Viel effektiver und bienenschonender dagegen ist es, Oxalsäure kristallin mittels eines speziellen Verdampfungsgerätes bei ca. 120 Grad Celsius zu verdampfen (sublimieren) und diese Dämpfe in das Bienenvolk zu leiten. Ein Verfahren, das seit vielen Jahren bereits auf der ganzen Welt erfolgreich und völlig legal angewendet wird. So auch in allen Ländern der Europäischen Union.
Mit Ausnahme von Deutschland: hier findet die Verdampfung im Untergrund, in der rechtlichen Grauzone statt. Jeder dritte Imker in Deutschland (also ca. 30.000) „bedampft“, aber kaum einer gibt dies zu, aus Furcht vor strafrechtlicher Verfolgung. Manche Gegner der Sublimation führen ins Feld, dass das Verdampfen von Oxalsäure im Bienenvolk ein nach dem Arzeimittelgesetz zulassungspflichtiges Verfahren sei und man sich strafbar mache, wenn man dies ohne arzneimittelrechtliche Zulassung tue. Ein Lied hiervon kann Imker Kai-Michael Engfer aus Mielkendorf bei Kiel singen, der sich genau wegen dieses Vorwurfes gerade in einem Ermittlungsverfahren gegen ihn wiederfindet.

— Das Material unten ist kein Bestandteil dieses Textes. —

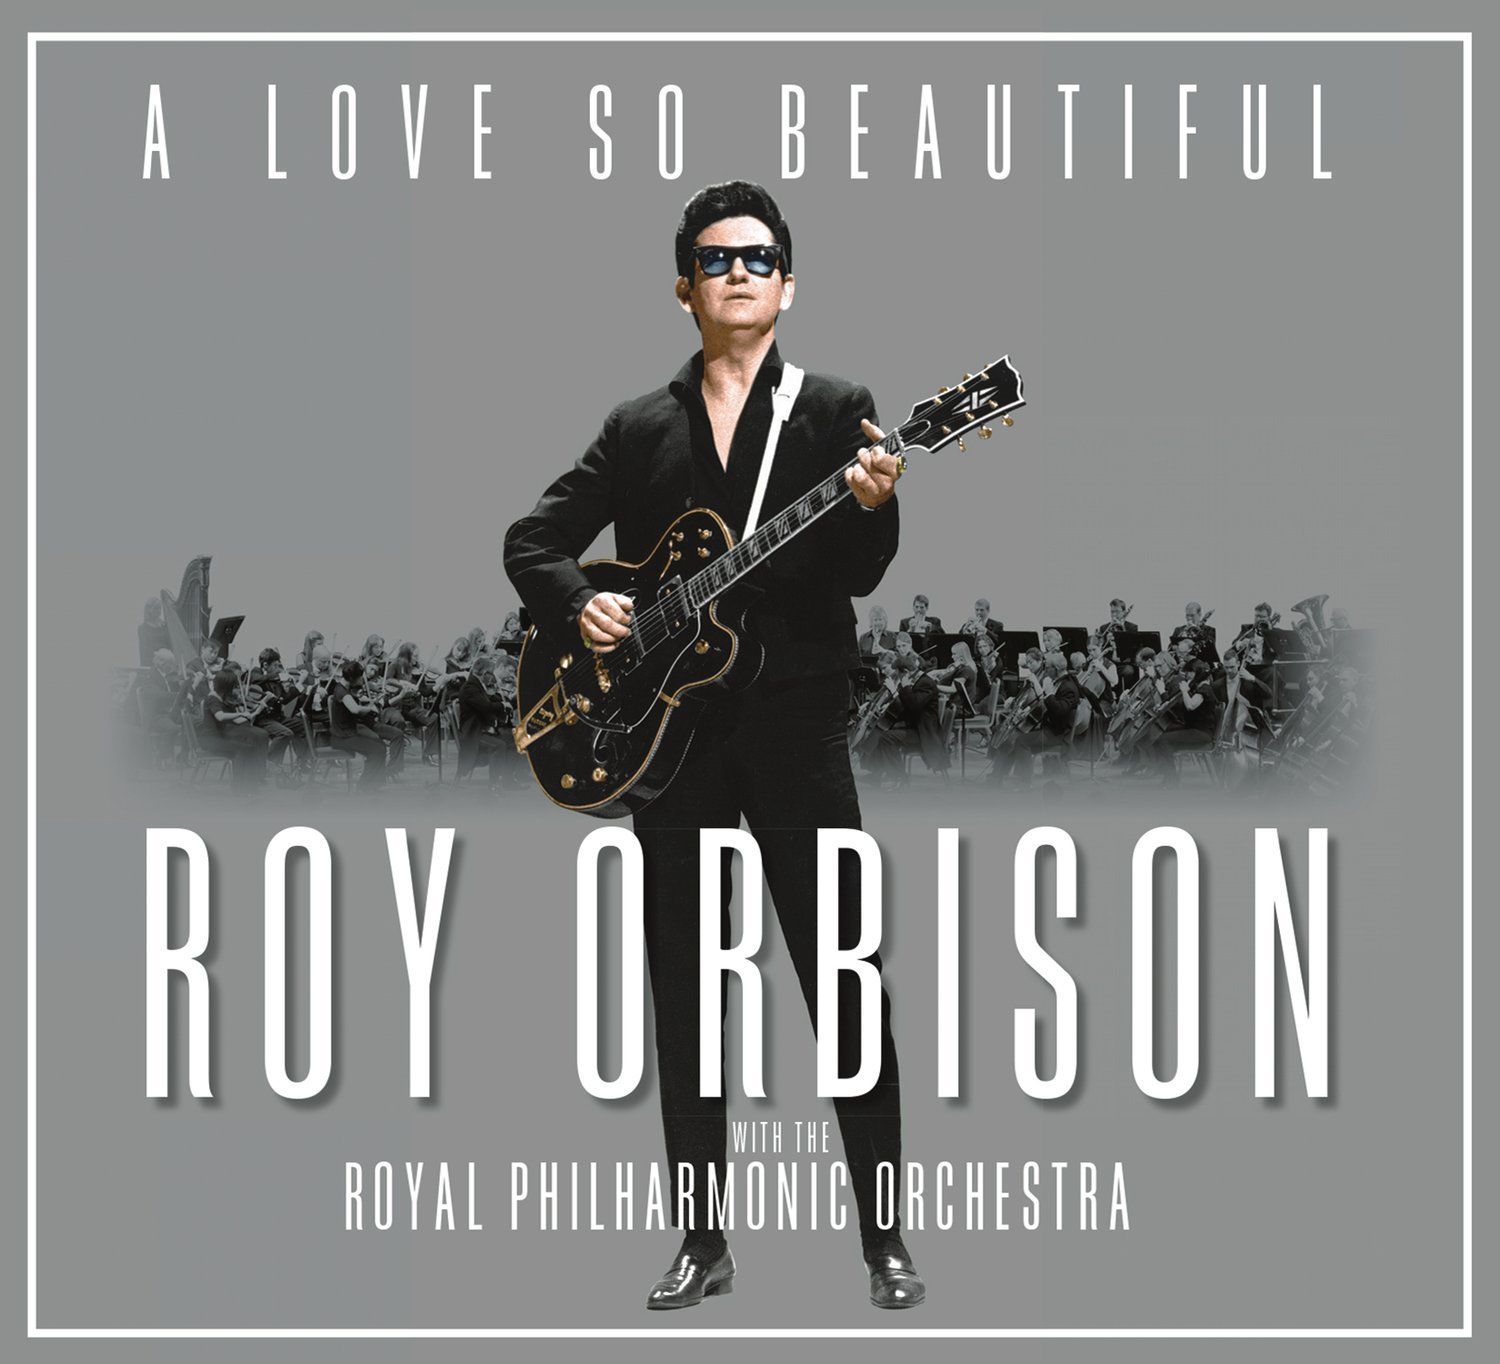 A Love So Beautiful: Roy Orbison & The Royal Philharmonic Orchestra

Letztendlich dreht sich alles um die Frage, ob die völlig frei verkäufliche, nicht apothekenpflichtige Oxalsäure zum Arzneimittel gemäß § 2 in Verbindung mit § 58 Arzneimittelgesetz (AMG) wird, wenn man damit Bienenstöcke desinfiziert, um die Varroamilbe zu dezimieren. Engfer verneint diese Frage, da mit der Oxalsäureverdampfung keine physiologische Wirkung auf Bienen oder Milben erzielt werden soll, sondern lediglich eine äußerliche, rein physikalische Anwendung. Andere sehen in dieser Anwendungsform sehr wohl das Vorliegen einer Eigenschaft des Arzneimittels als erfüllt an.
In der Tat lässt das Arzneimittelgesetz, hier vor allem die §§ 2 und 58 ff, einen sehr weiten Interpretationsspielraum zu.
Ein unhaltbarer Zustand, so Engfer, für die ca. 90.000 Imker in Deutschland, deren Millionen Bienen ihre wertvolle Aufgabe in der Natur und Landwirtschaft erfüllen, nämlich die überaus wichtige Bestäubungsleistung. Kai-Michael Engfer fordert daher eine Konkretisierung und gleichzeitig Liberalisierung des Arzneimittelrechtes, ja eine Änderung des Arzneimittelgesetztes, damit auch endlich die Imker in Deutschland völlig legal und ohne jede „Grauzone“ ihre Bienenvölker vor der Varroa mit Oxalsäure schützen können. So, wie es auch in jedem anderen Land der Europäischen Union möglich ist.
Kai-Michael Engfer
Kai-Michael Engfer, Jahrgang 1965, begann bereits im Jahr 1979 mit seinen ersten Bienenvölkern. Seitdem sorgt er sich ununterbrochen um das Wohl seiner Bienen in seiner kleinen Hobbyimkerei mit ca. 20 Bienenvölkern. Besonders am Herzen liegt ihm das Wissen um die in Mitteleuropa ursprünglich heimische Honigbiene, die sogenannte Dunkle Biene. Engfer wurde durch regelmäßige Fachartikel in Imkerzeitschriften im deutschsprachigen Raum bekannt. In den letzten Jahren veröffentlicht er sein Wissen auch über seinen Youtube-Kanal „Nordbiene – Bienen und Natur“.